У посетителя появилось ощущение, что он должен бороться за собственность своего друга, но он не мог понять, как за это взяться. За всю свою жизнь он никогда не встречал такого человека, как этот. И боялся не за себя, а за Йоханнеса. Жизнь или кошелёк!

«Exzellenz», — решился он, — «Не слишком ли вы суровы к этой несчастной личности. Ведь есть много нееврейских Schieber. Есть и другие богатые евреи в Германии, которым до сих пор удалось избежать вашего неудовольствия».

— «Эти Schweine были осторожны и не нарушали наши законы. Но этот нарушил одиннадцатую заповедь — он был пойман.
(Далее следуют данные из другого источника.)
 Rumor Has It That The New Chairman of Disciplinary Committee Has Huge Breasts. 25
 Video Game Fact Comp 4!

Man muss sich nicht kriegen lassen![147] И более того, мы знаем, как использовать его деньги».

Ланни подумал: «Всё не так плохо, как могло бы быть. У Йохан-неса много денег находится границей». Он решил не рисковать и сказал: «Я передам ваше сообщение».
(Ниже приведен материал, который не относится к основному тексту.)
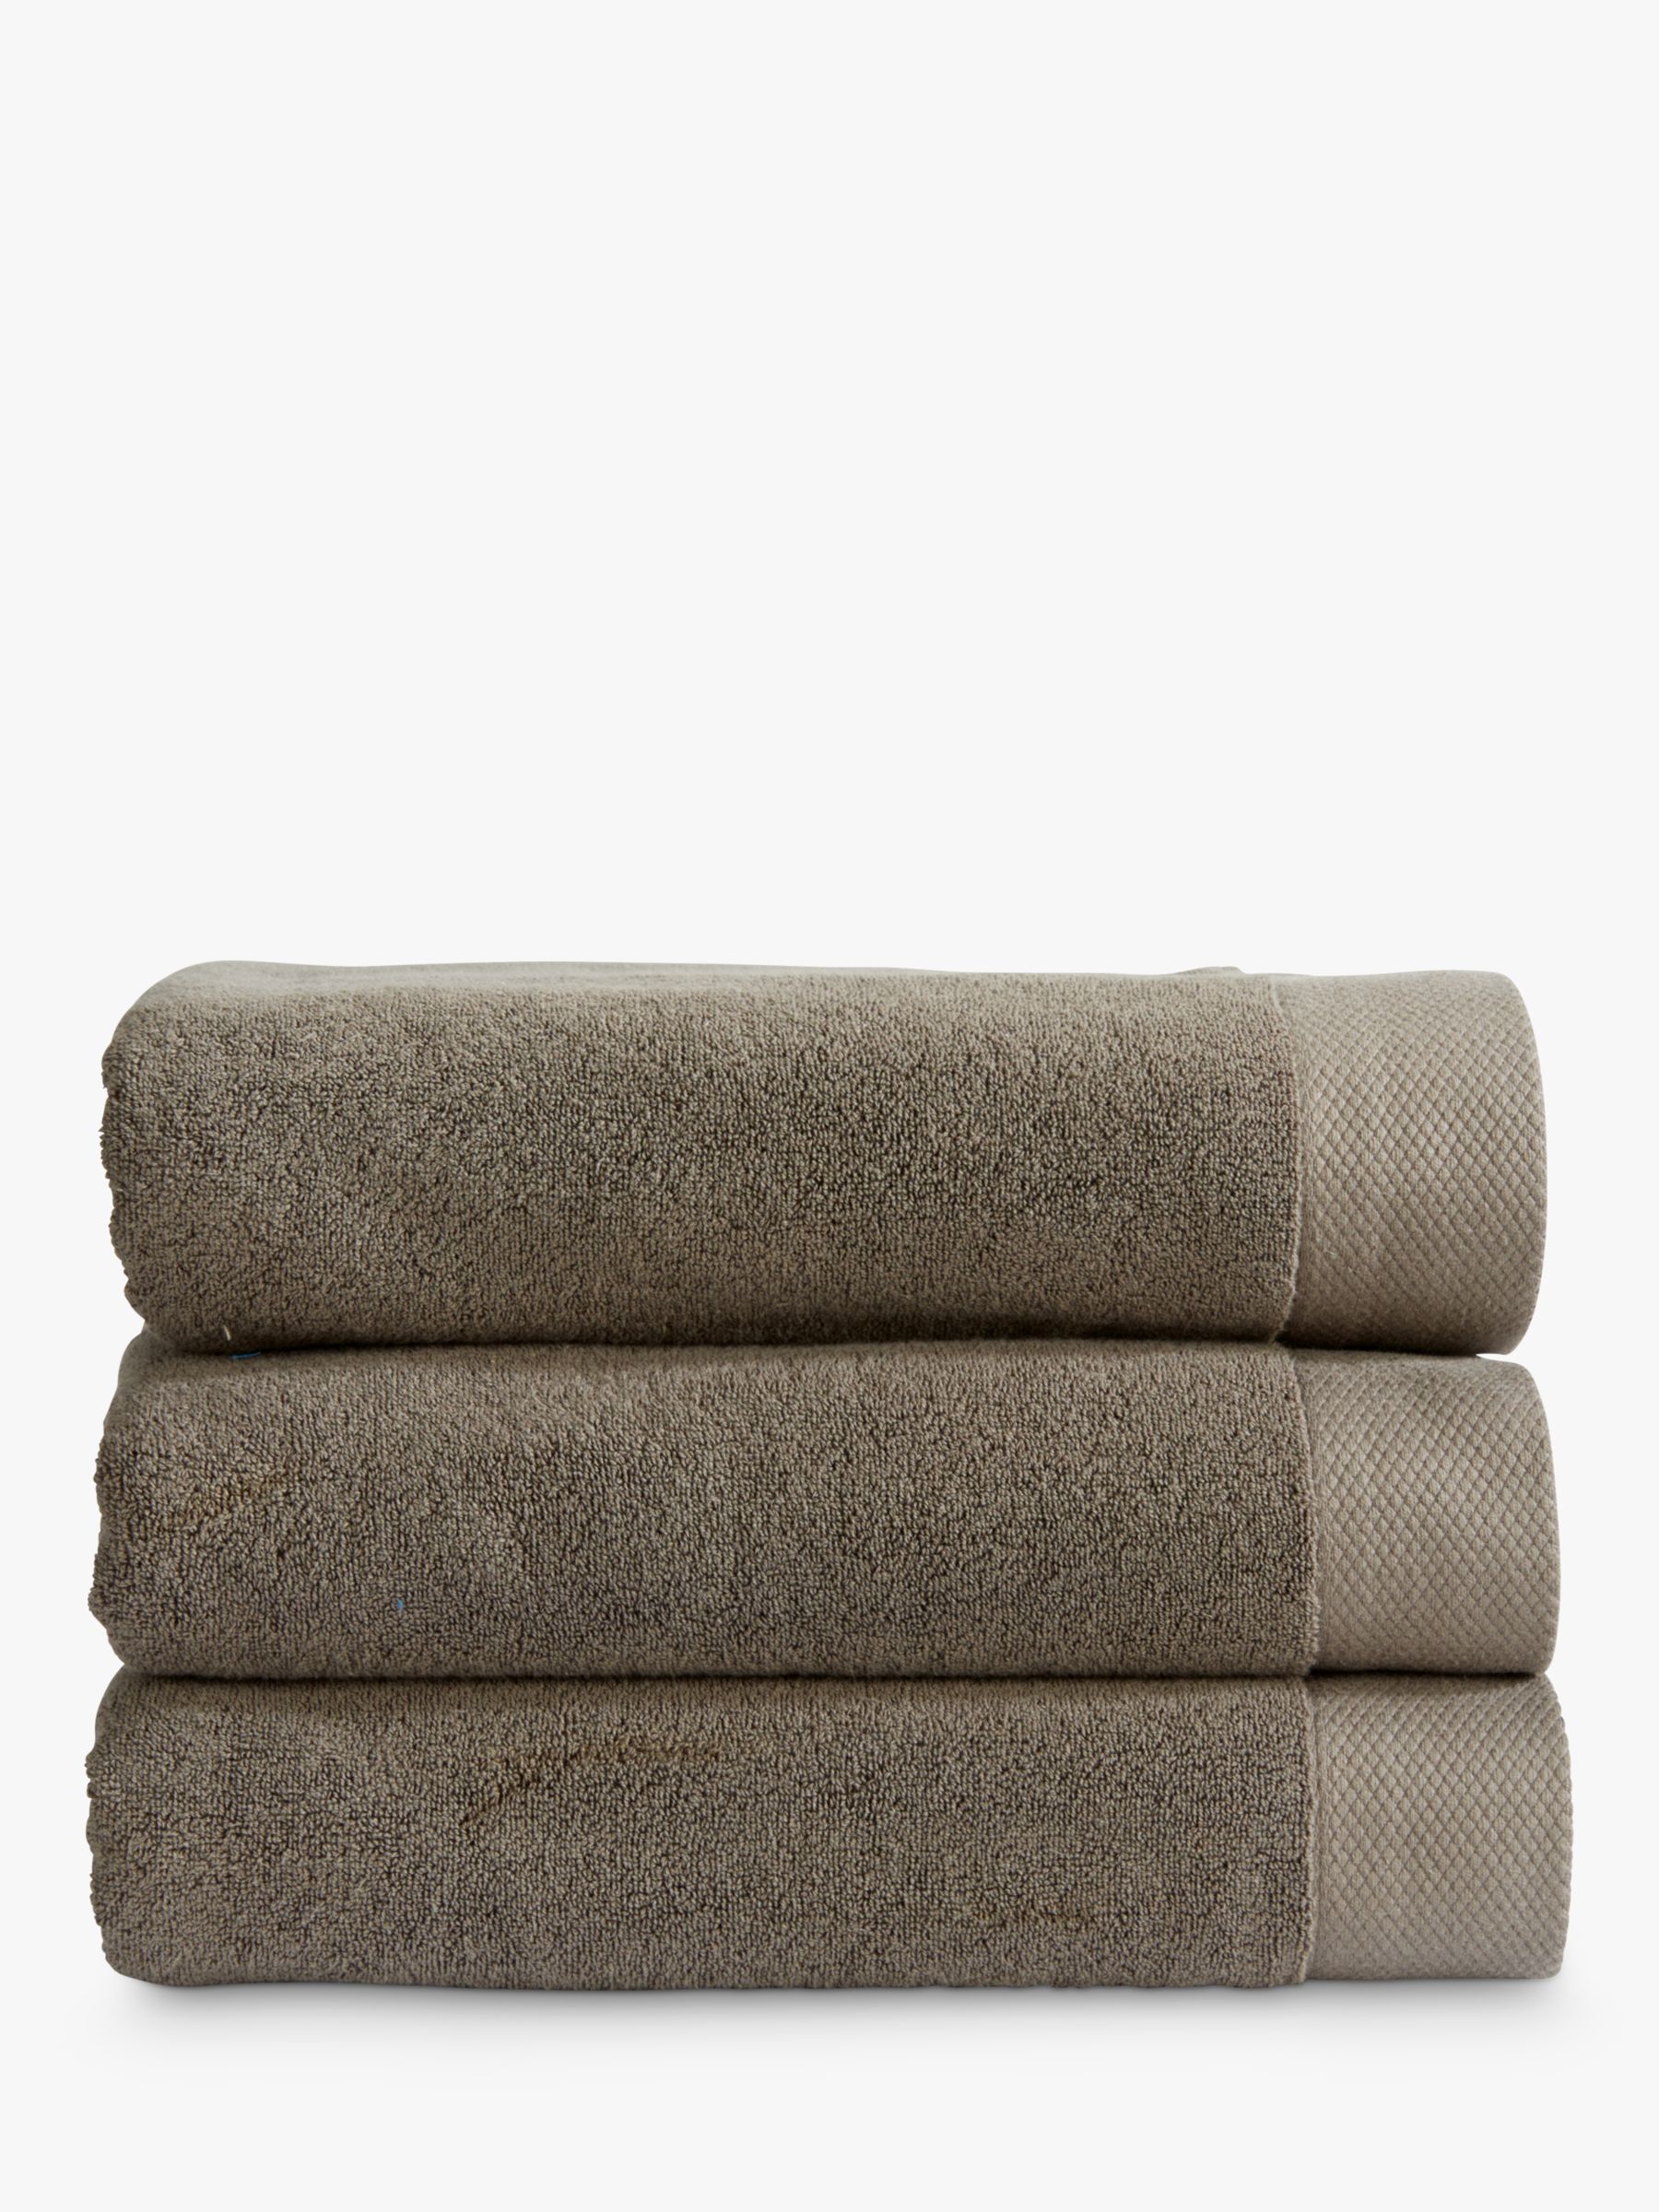 Christy Luxe Turkish Cotton Towels, Soot

Глава прусского правительства продолжал: «Я заметил, что вы не упомянули деньги, которые этот Schieber уже вывез и спрятал в других странах. Если вы знаете историю Европы, то помните, что когда какой-то монарх нуждался в средствах, то заключал одного из самых богатых евреев в темницу, где его пытали, пока он не раскрывал свои тайники с золотом и драгоценными камнями».
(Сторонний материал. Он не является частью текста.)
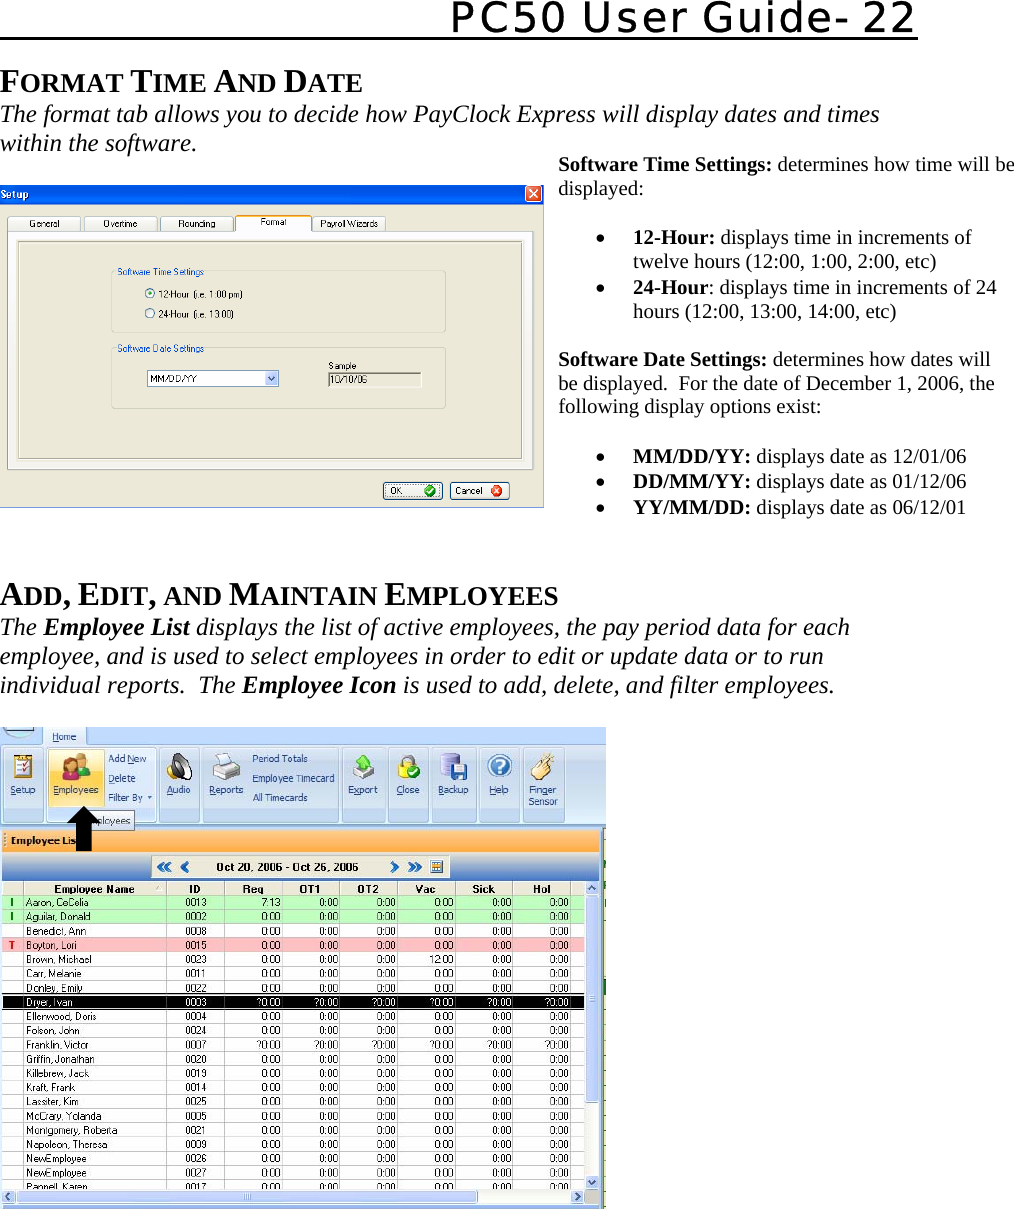   PC50 User Guide- 22   FORMAT TIME AND DATE  The format tab allows you to decide how PayClock Express will display dates and times within the software.       ADD, EDIT, AND MAINTAIN EMPLOYEES The Employee List displays the list of active employees, the pay period data for each employee, and is used to select employees in order to edit or update data or to run individual reports.  The Employee Icon is used to add, delete, and filter employees.          Software Time Settings: determines how time will be displayed:  • 12-Hour: displays time in increments of twelve hours (12:00, 1:00, 2:00, etc) • 24-Hour: displays time in increments of 24 hours (12:00, 13:00, 14:00, etc)  Software Date Settings: determines how dates will be displayed.  For the date of December 1, 2006, the following display options exist:  • MM/DD/YY: displays date as 12/01/06 • DD/MM/YY: displays date as 01/12/06 • YY/MM/DD: displays date as 06/12/01

— Я читал историю, Exzellenz.

— К счастью, ничего подобного сейчас не будет нужно. У нас есть все банковские выписки этого негодяя, реестр платёжных документов и кое-что ещё. У нас есть фотокопии документов, которые он считал спрятанными от всех глаз. Мы представим ему чеки на подпись, чтобы передать эти средства мне. А когда мои агенты соберут последний доллар, фунт и франк, то ваш родственник еврей станет для меня куском гнилой свинины, запах которой я не люблю. Я буду рад, если вы уберете его прочь.

— А его семью, Exzellenz?

— Они тоже воняют. Мы вывезем их к границе и дадим каждому из них пинка под зад, чтобы убедиться, что они пересекут её без задержки.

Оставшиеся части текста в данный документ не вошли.